From: Allen Haaheim (email@example.com)
Date: Sat Jun 21 2003 - 19:38:56 EDT
Sorry to reopen a (closed?) case. The below look like loose ends to me.
>For Japanese people, they consider this sign as a separate vowel whose
>phonetic value depends on the phonetic value of the previous character
>(which may have a point or double-point diacritic, for the voice mark used
>to alter the consonnant value of the base character). This is proably why
>the transliteration of this character to Latin generally doubles the
>previous Latin vowel.
"Separate" doesn't seem right. In my understanding it's an "extender" (as
Andrew notes) of the final vowel sound of the previous kana (so mentioning
diacritics, which affect only the initial consonant, is irrelevant). To be
more exact, it doubles the length of the vowel final.
>However, this character is not strictly a diacritic, as there is some uses
>of the character (according to grammatical rules) after a punctuation sign
>used to separate it from an imported foreign word (most often a proper
>name), sometimes written with another script.

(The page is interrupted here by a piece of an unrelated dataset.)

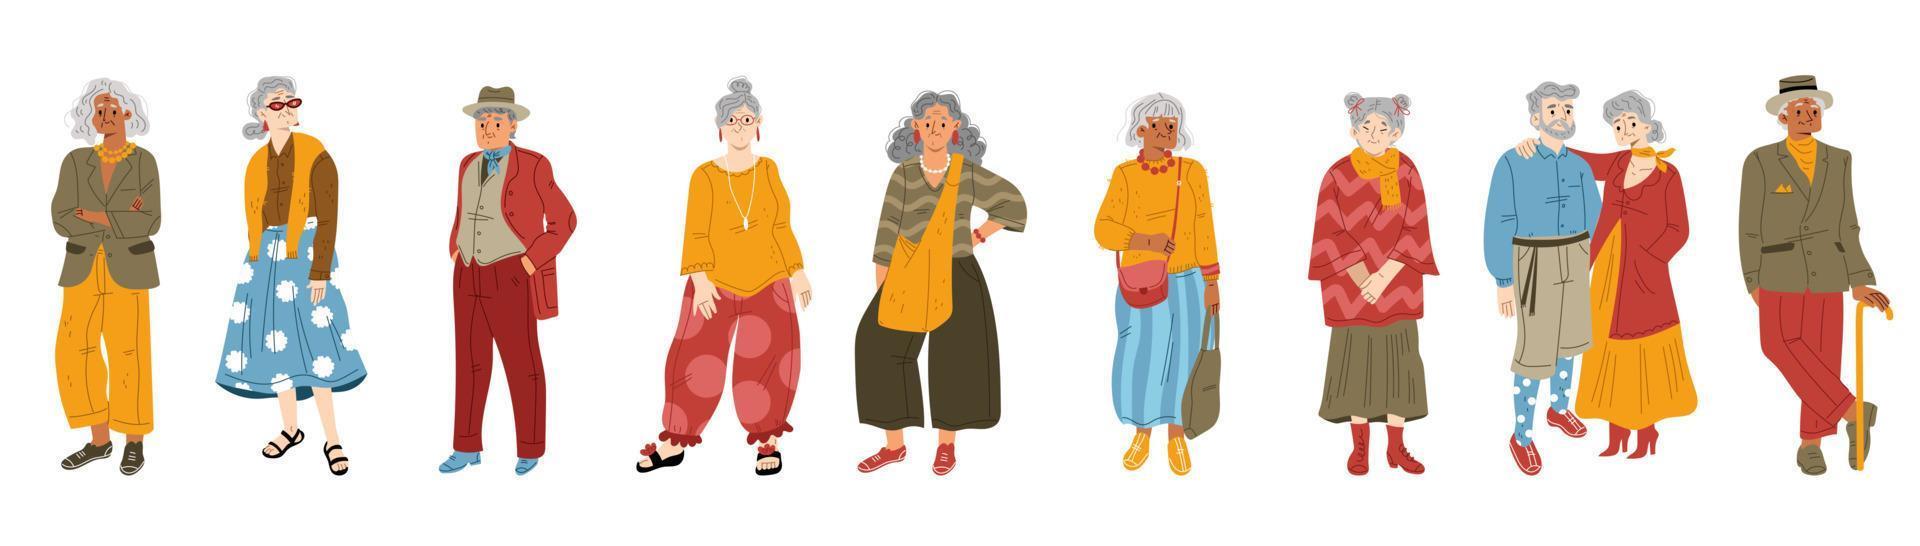 idosos modernos em roupas da moda vetor
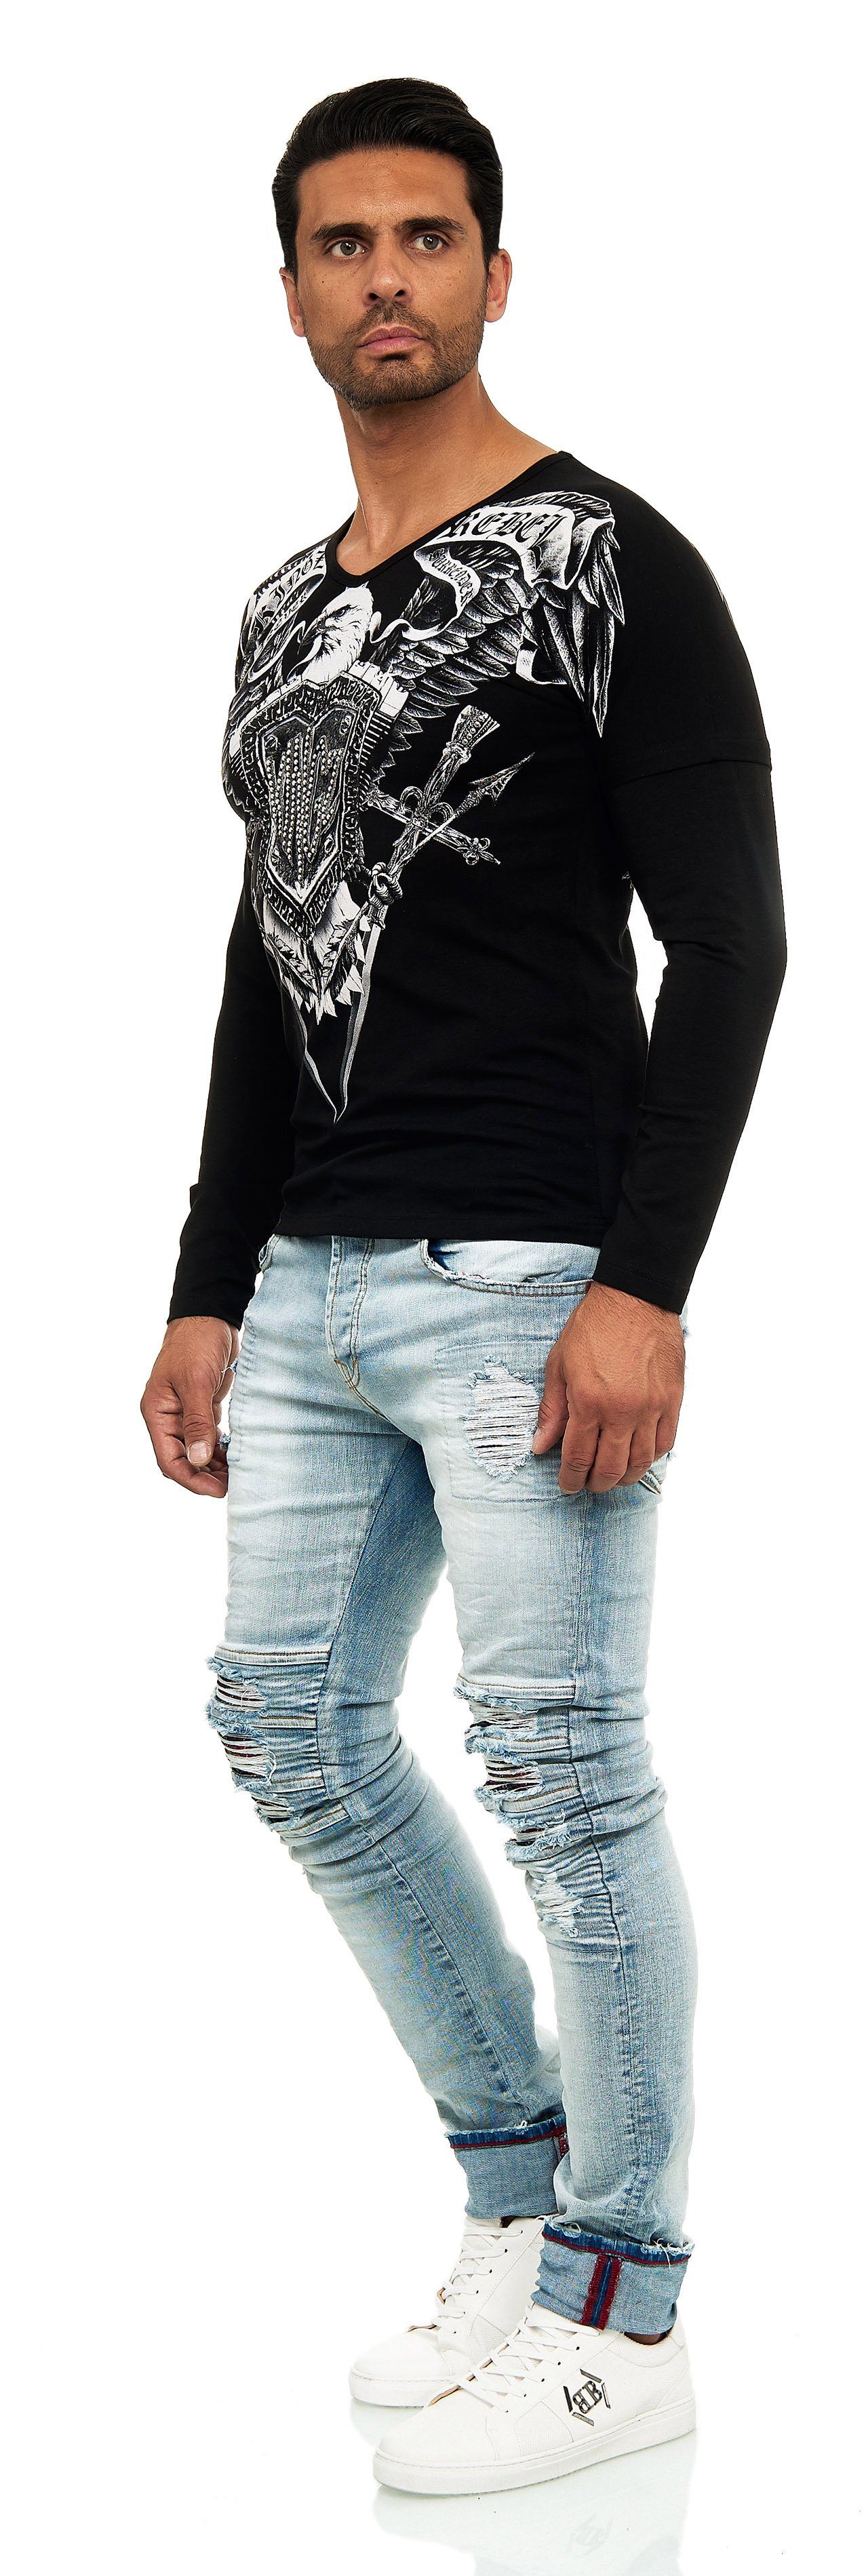 KINGZ Langarmshirt in Body-Fit mit Adler-Motiv schwarz-silberfarben

We can't think of any instances of such a use here. Can you give an example?
----- Original Message -----
From: "Philippe Verdy" <firstname.lastname@example.org>
To: "Mount, Rob (Robert F)" <email@example.com>
Sent: Thursday, June 05, 2003 2:35 AM
Subject: Re: Classification of U+30FC KATAKANA-HIRAGANA PROLONGED SOUND MARK
> My opinion is that it can be viewed, depending on its application, as a
letter (for some transliteration purpose), or as a diacritic (for some other
transliterations). But in reality it is mostly a letter modifier. For UCA,
it sorts mostly like the base letter that it modifies, and UCA gives the
most appropriate linguistic value of this character.
> This is not the only character of this type in Unicode. You'll find
similar sound marks (length marks, repeat marks) in other scripts, including
abjads, and IPA (the IPA column-like sign for example).
> For Japanese people, they consider this sign as a separate vowel whose
phonetic value depends on the phonetic value of the previous character
(which may have a point or double-point diacritic, for the voice mark used
to alter the consonnant value of the base character). This is proably why
the transliteration of this character to Latin generally doubles the
previous Latin vowel.
> However, this character is not strictly a diacritic, as there is some uses
of the character (according to grammatical rules) after a punctuation sign
used to separate it from an imported foreign word (most often a proper
name), sometimes written with another script. So the sign as its own lexical
and grammatical semantic, and does not really combine like other diacritics.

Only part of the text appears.